Pictures excluded, set down exactly the lines from the one containing "plot of chunk plot-DTM-hill" through the final line of the material, and only those.

#### Available data
[Start of Attachment]
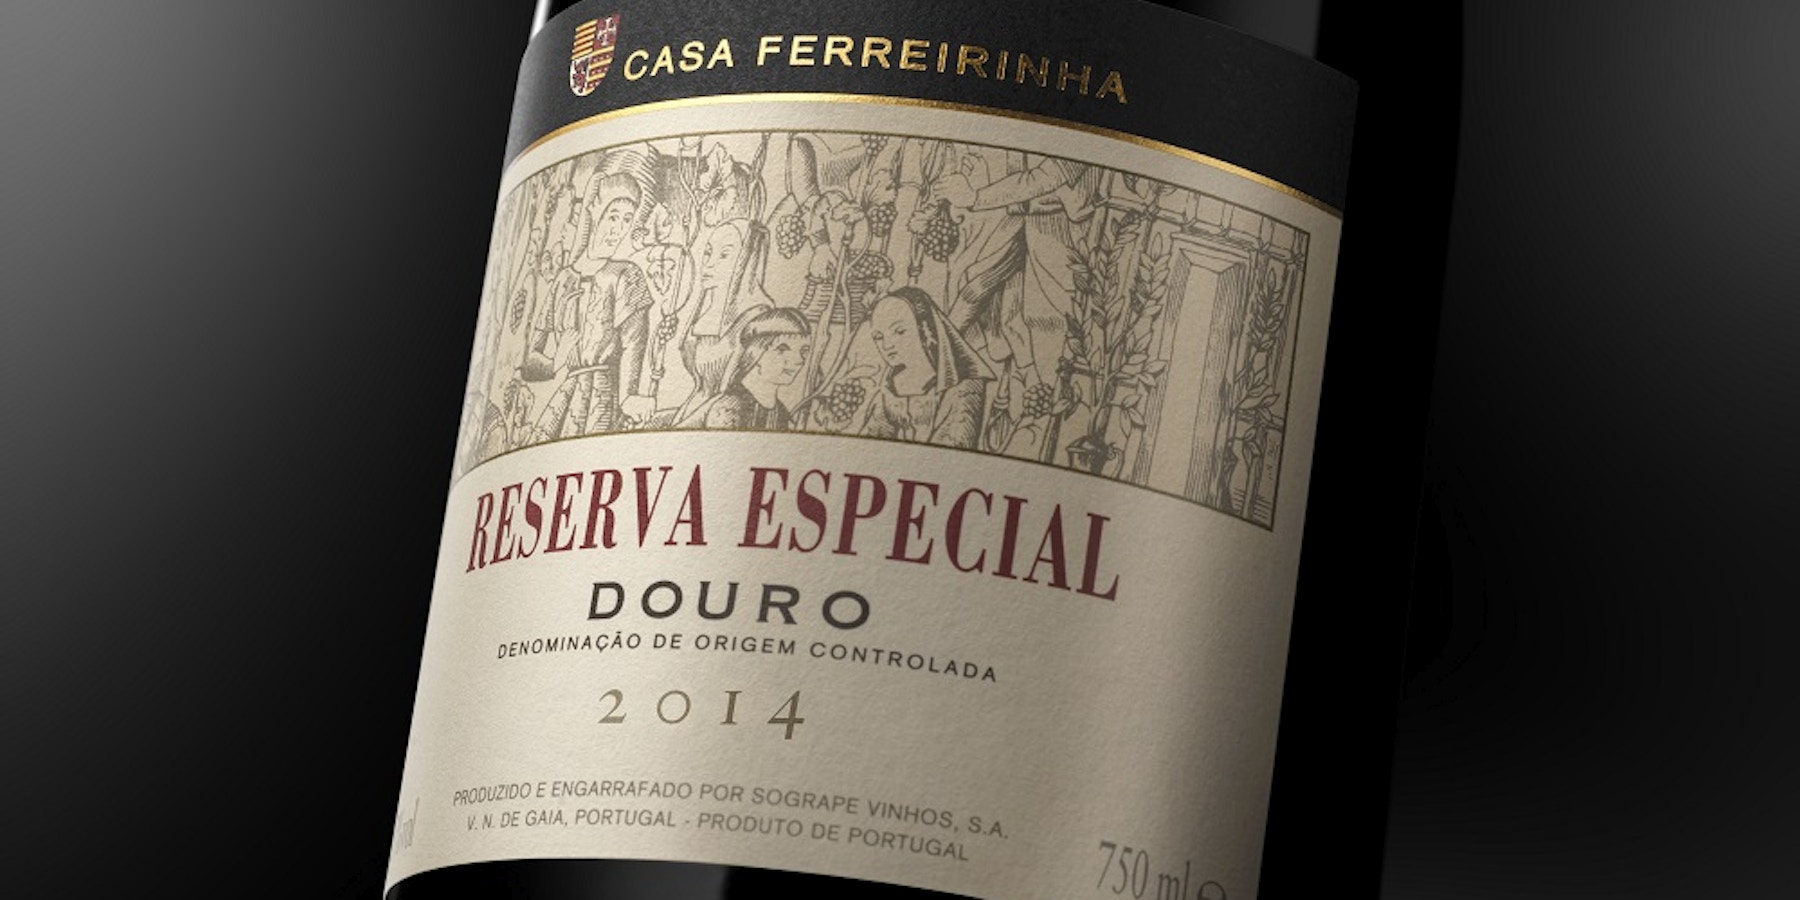 New vintage of Casa Ferreirinha's red
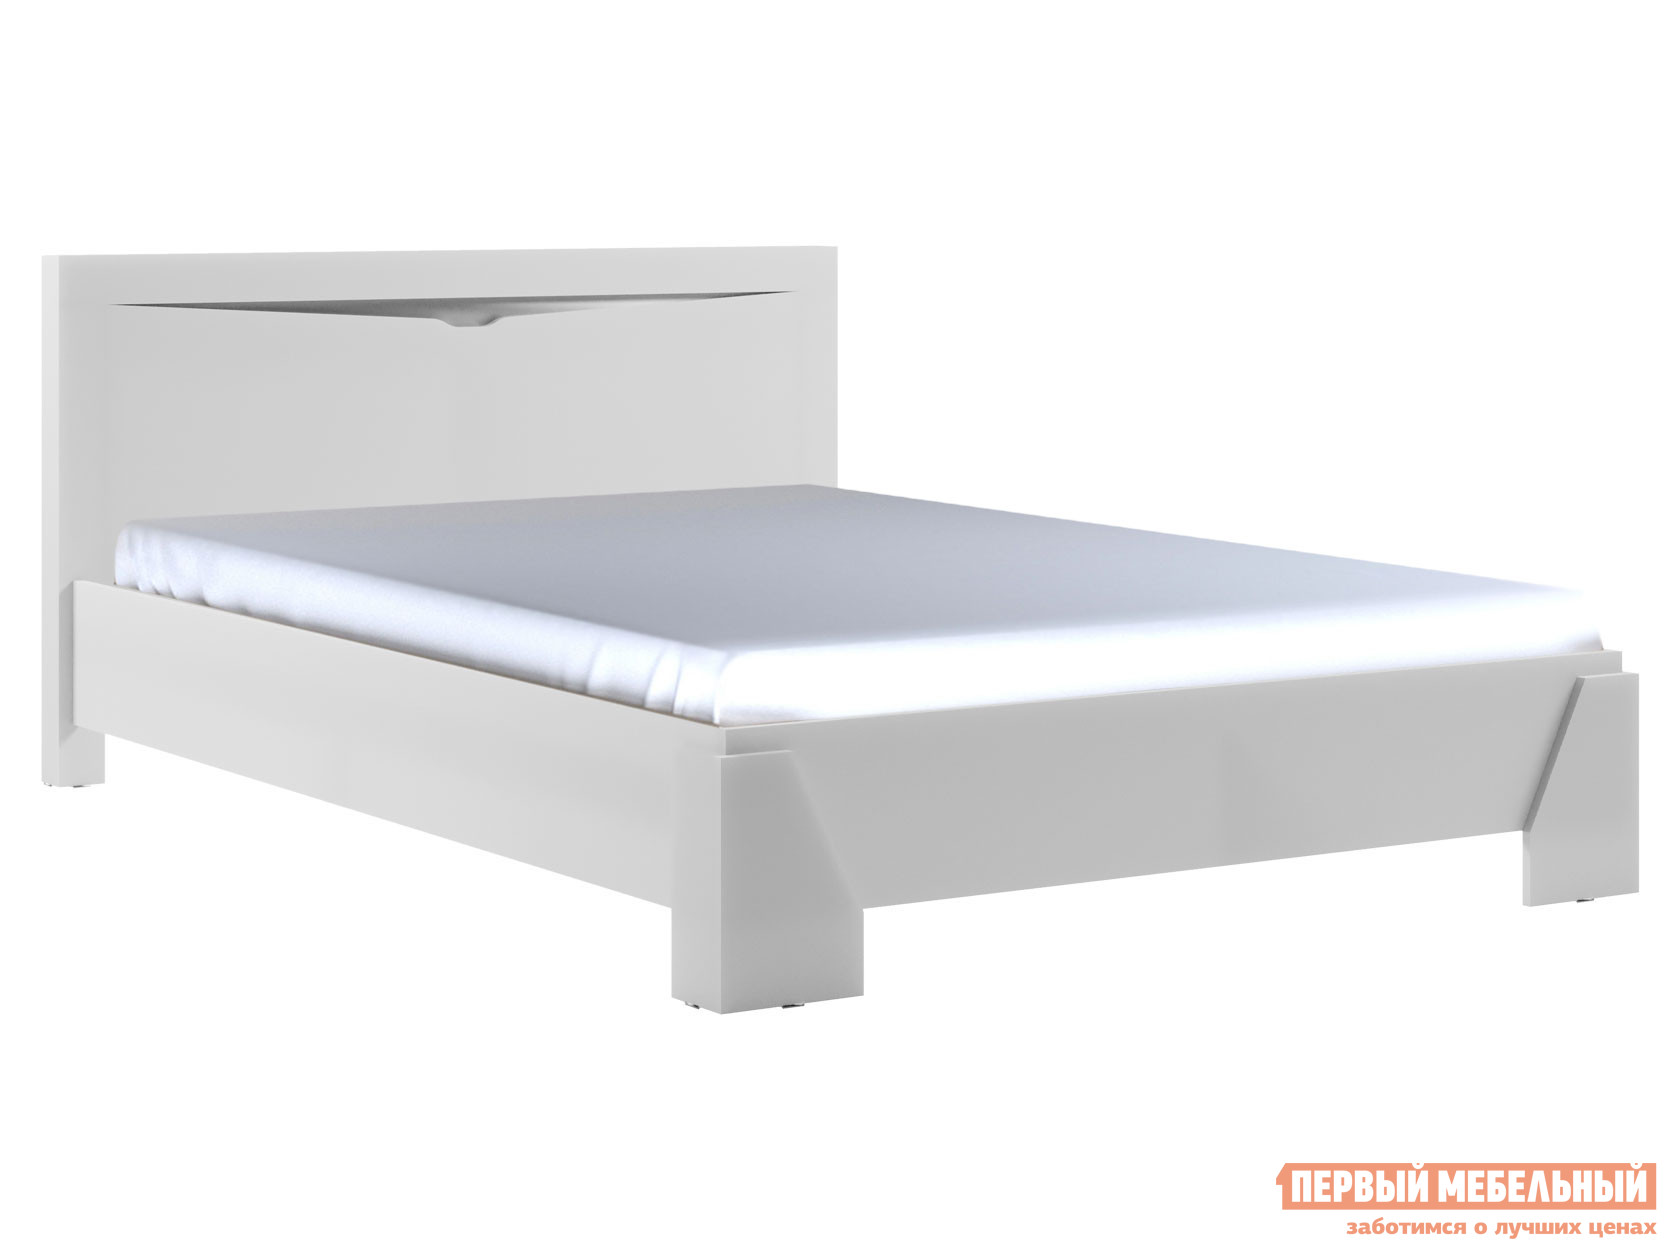 Двуспальная кровать  Мэрвел Белый, 140х200 см
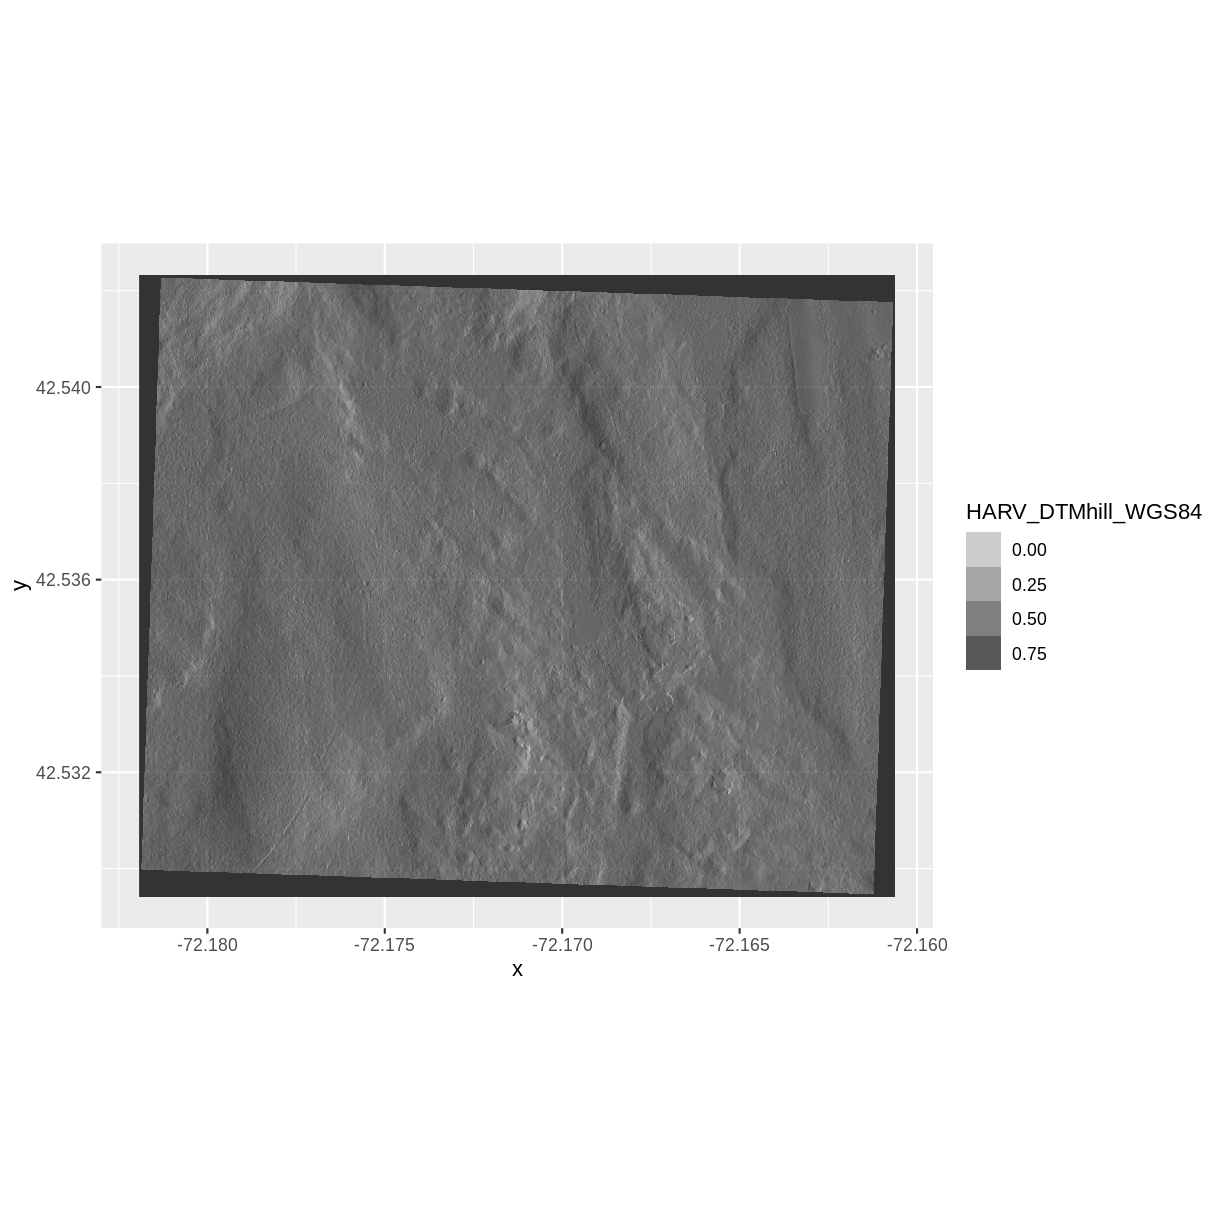 plot of chunk plot-DTM-hill
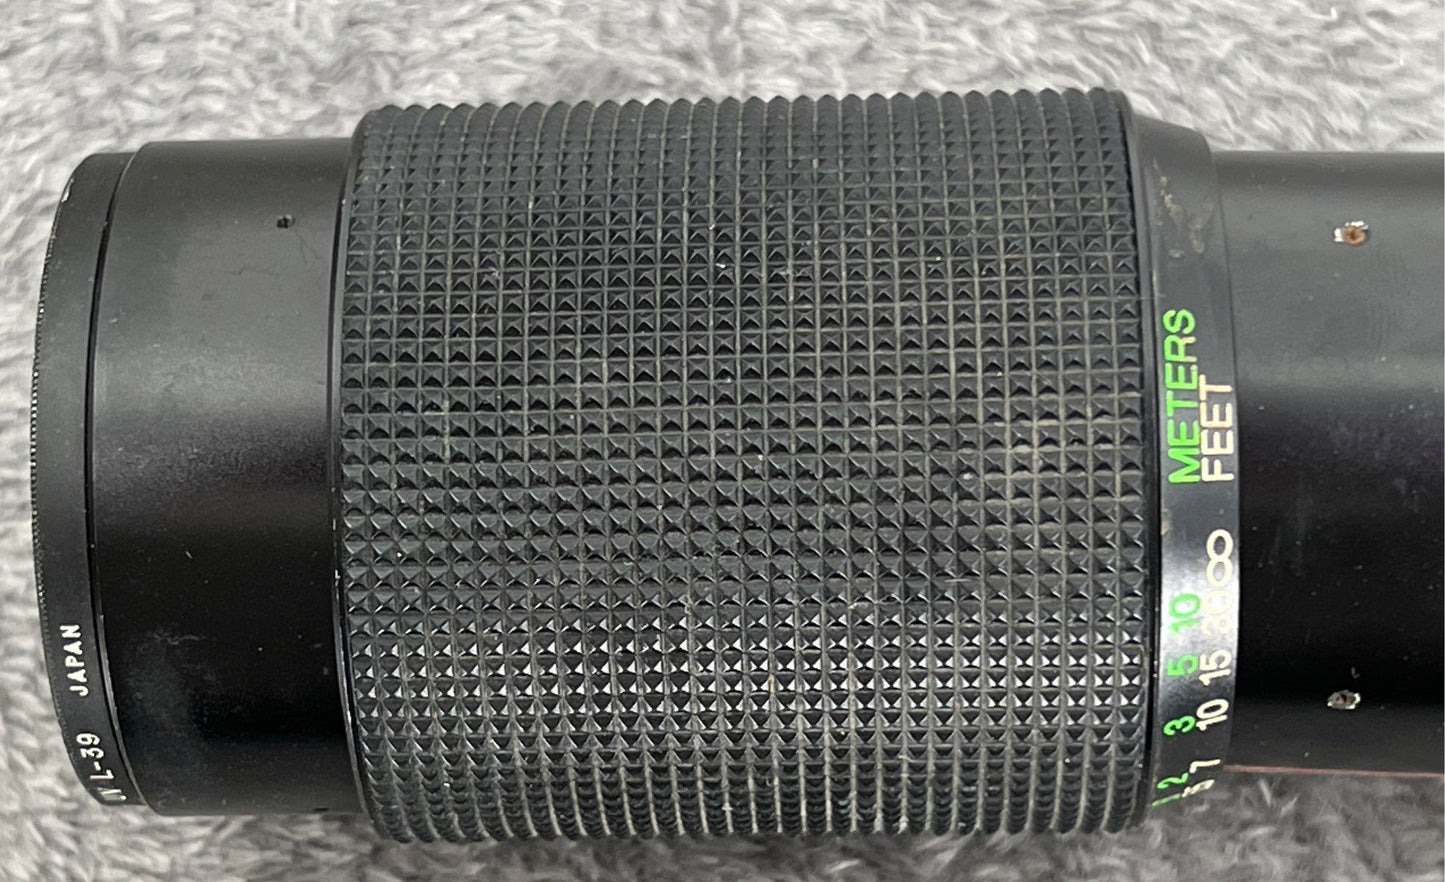 Vintage Vivitar 70-210mm F4.5 Macro 1:4x Lens For Nikon N/AI
[End of Attachment]
#### Exercise answer
 plot of chunk plot-DTM-hill
 Vintage Vivitar 70-210mm F4.5 Macro 1:4x Lens For Nikon N/AI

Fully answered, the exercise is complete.